About this exercise: The full listing, written out exactly and without images, is the expected result.

Source material:

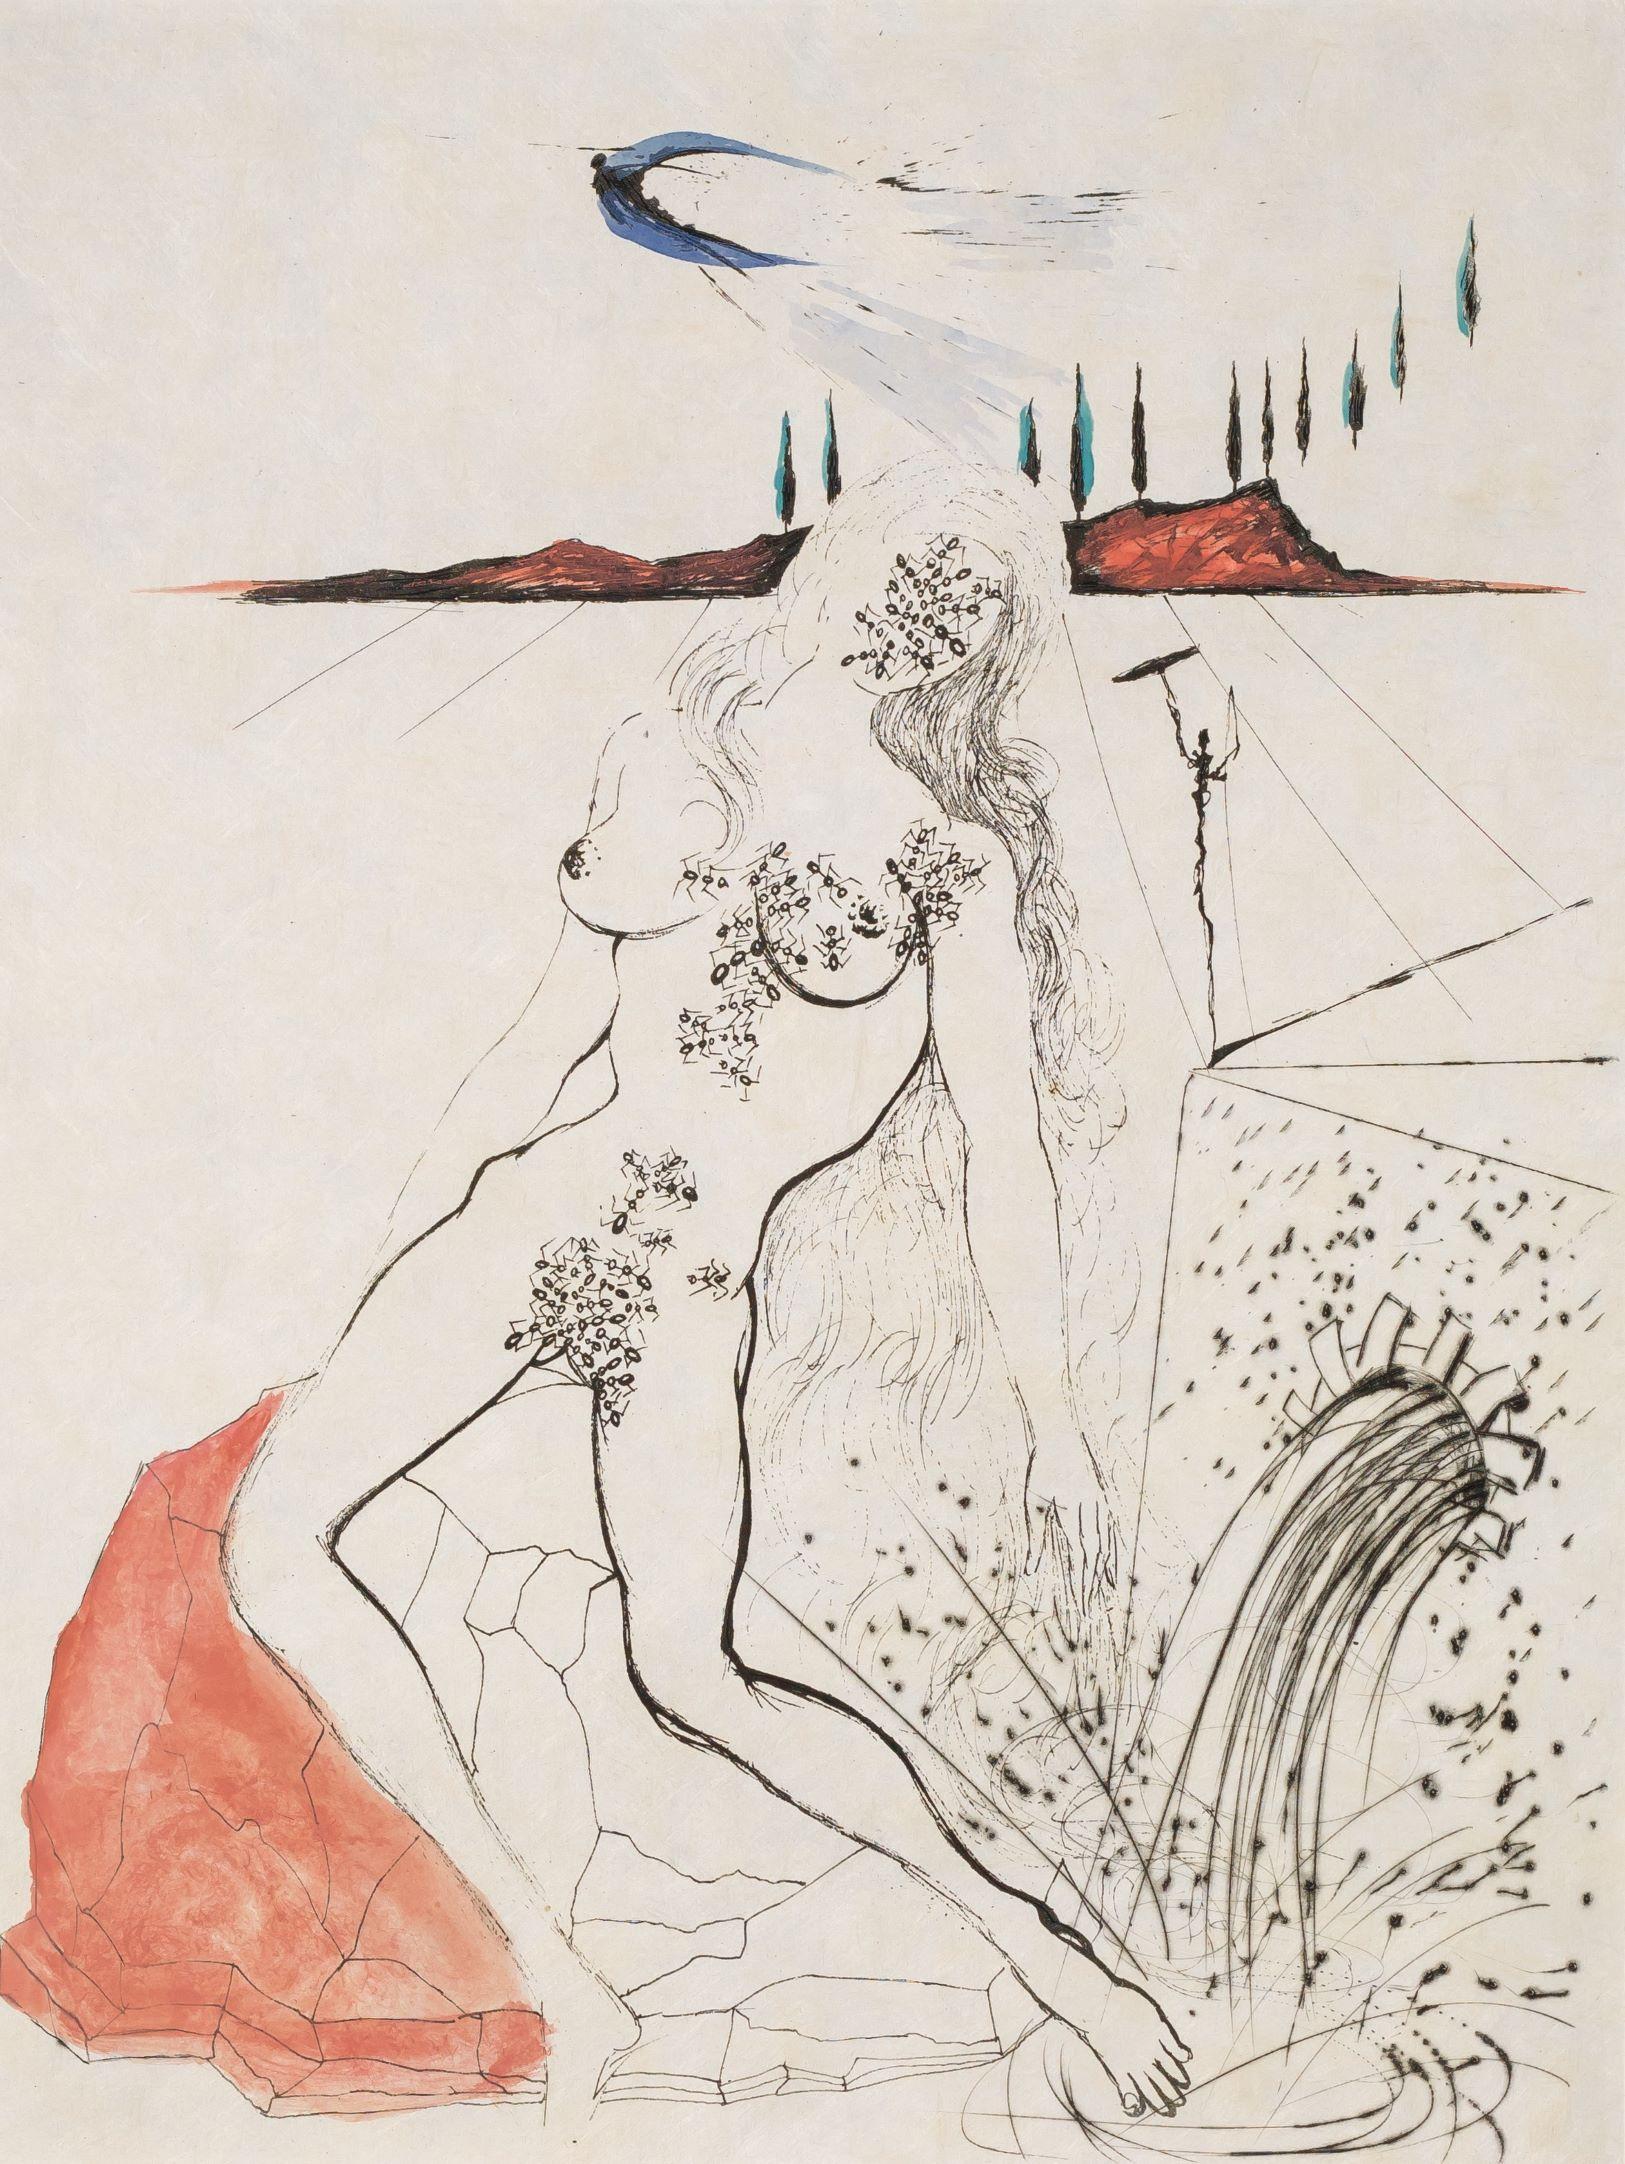 Nude at the Fountain– signed and dated ‘Dalí’ lower right and framed in an ornate, gold-tone frame. On japon, unnumbered from the 1967 edition of 235 portfolios.

Originally published as Poèmes Secrets d'Apollinaire, the etchings in this portfolio
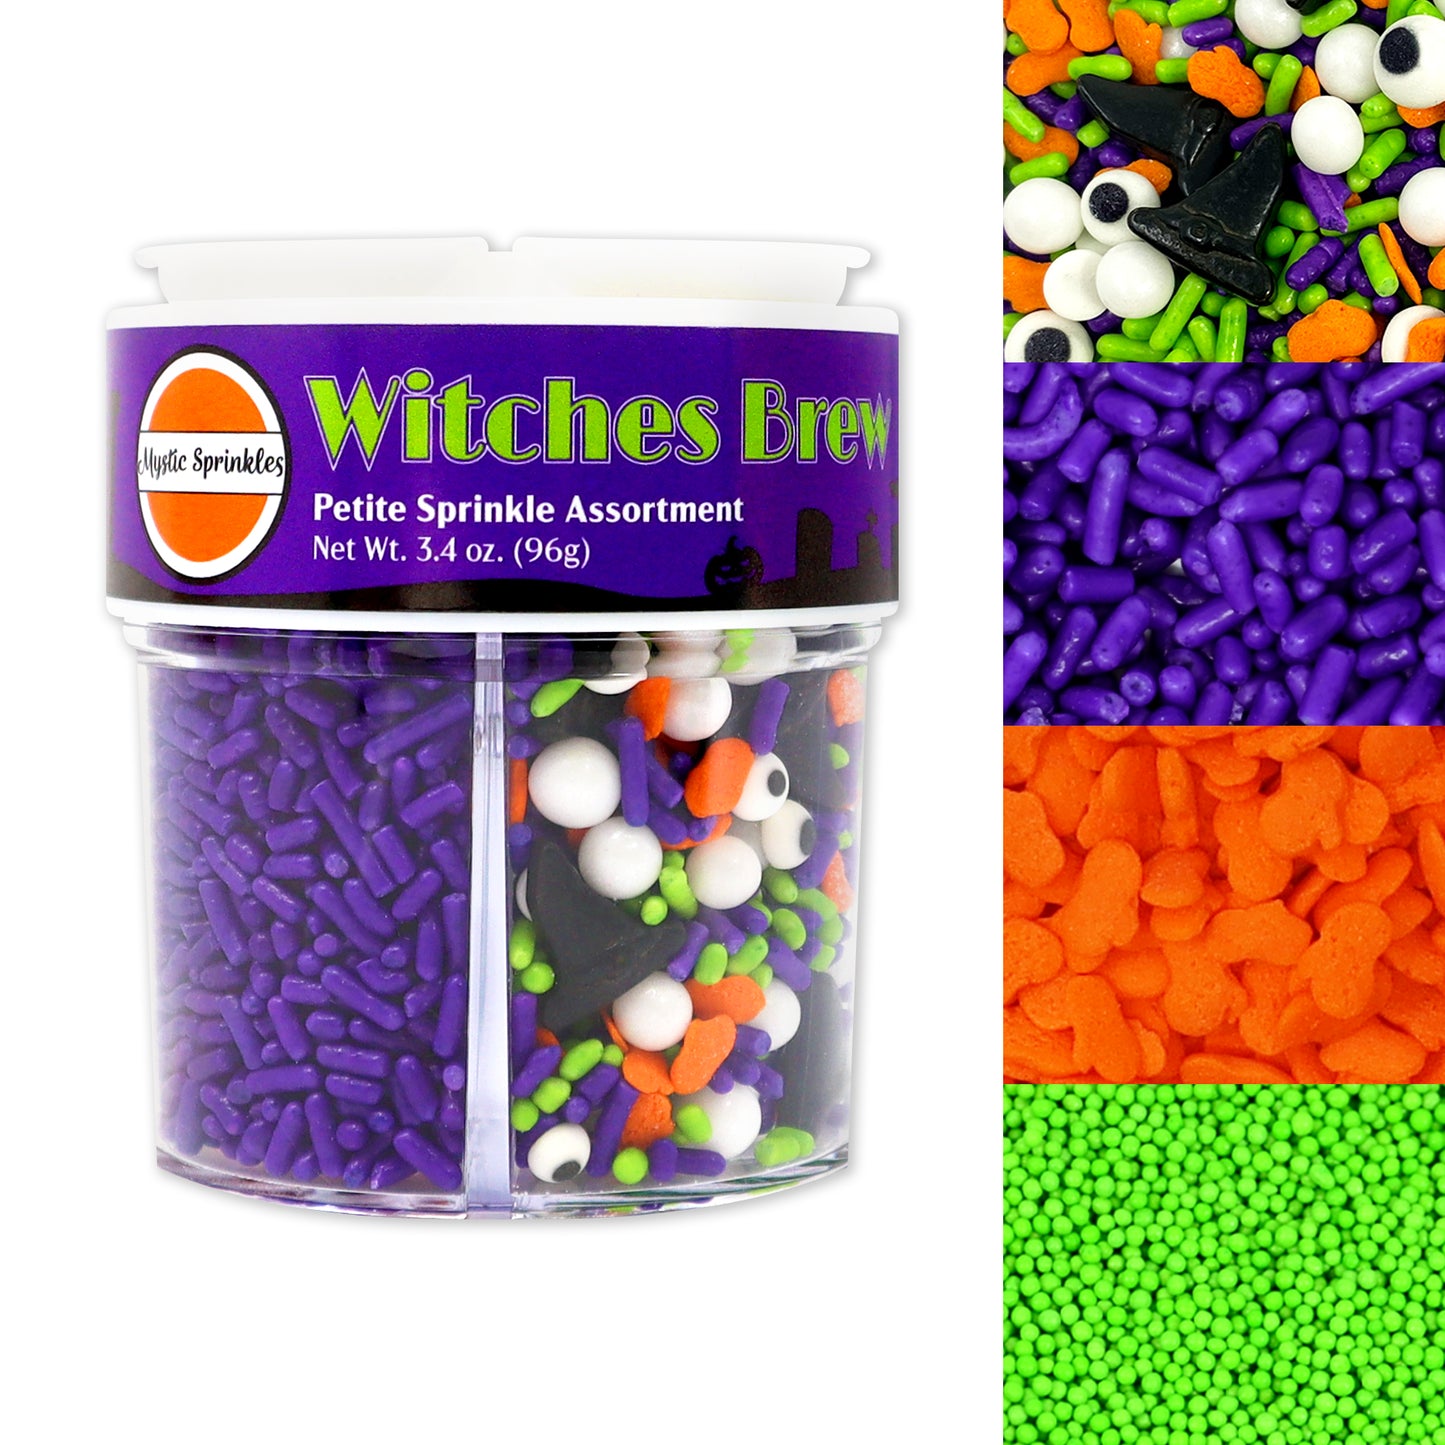 Witches Brew Petite Sprinkle Assortment 3.4oz
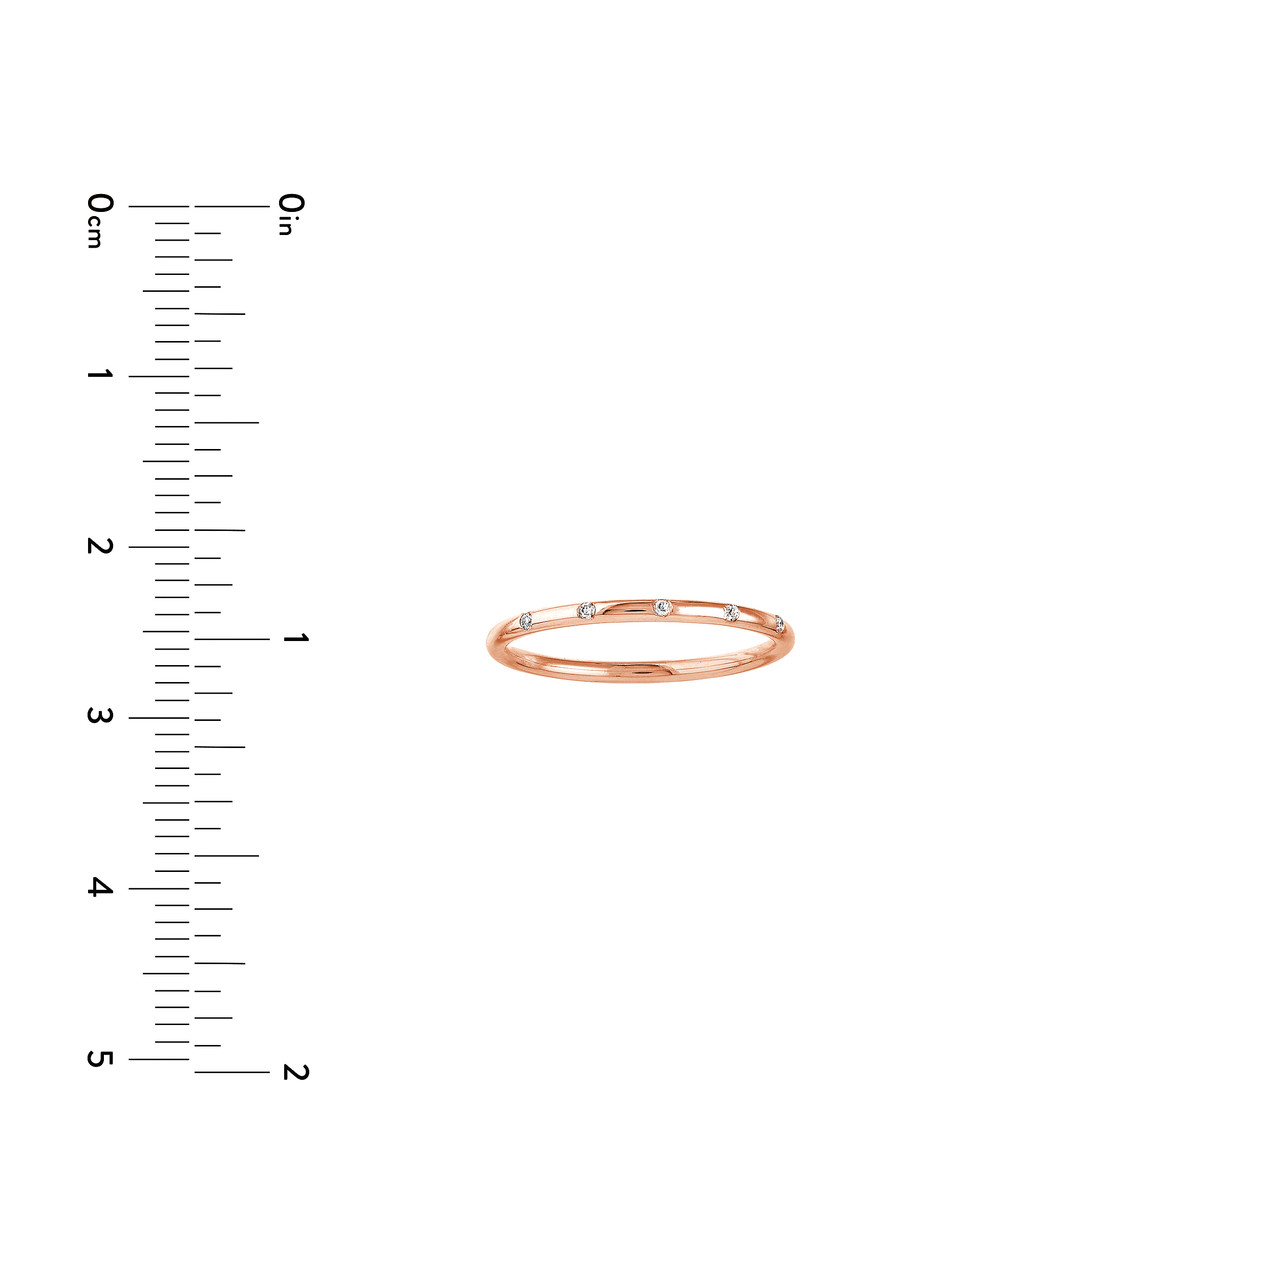 WHP Jewellers 2 gm, 23KT Yellow Gold Vedhani Ring : Amazon.in: Fashion

Result:
 Nude at the Fountain– signed and dated ‘Dalí’ lower right and framed in an ornate, gold-tone frame. On japon, unnumbered from the 1967 edition of 235 portfolios.

Originally published as Poèmes Secrets d'Apollinaire, the etchings in this portfolio
 Witches Brew Petite Sprinkle Assortment 3.4oz
 WHP Jewellers 2 gm, 23KT Yellow Gold Vedhani Ring : Amazon.in: Fashion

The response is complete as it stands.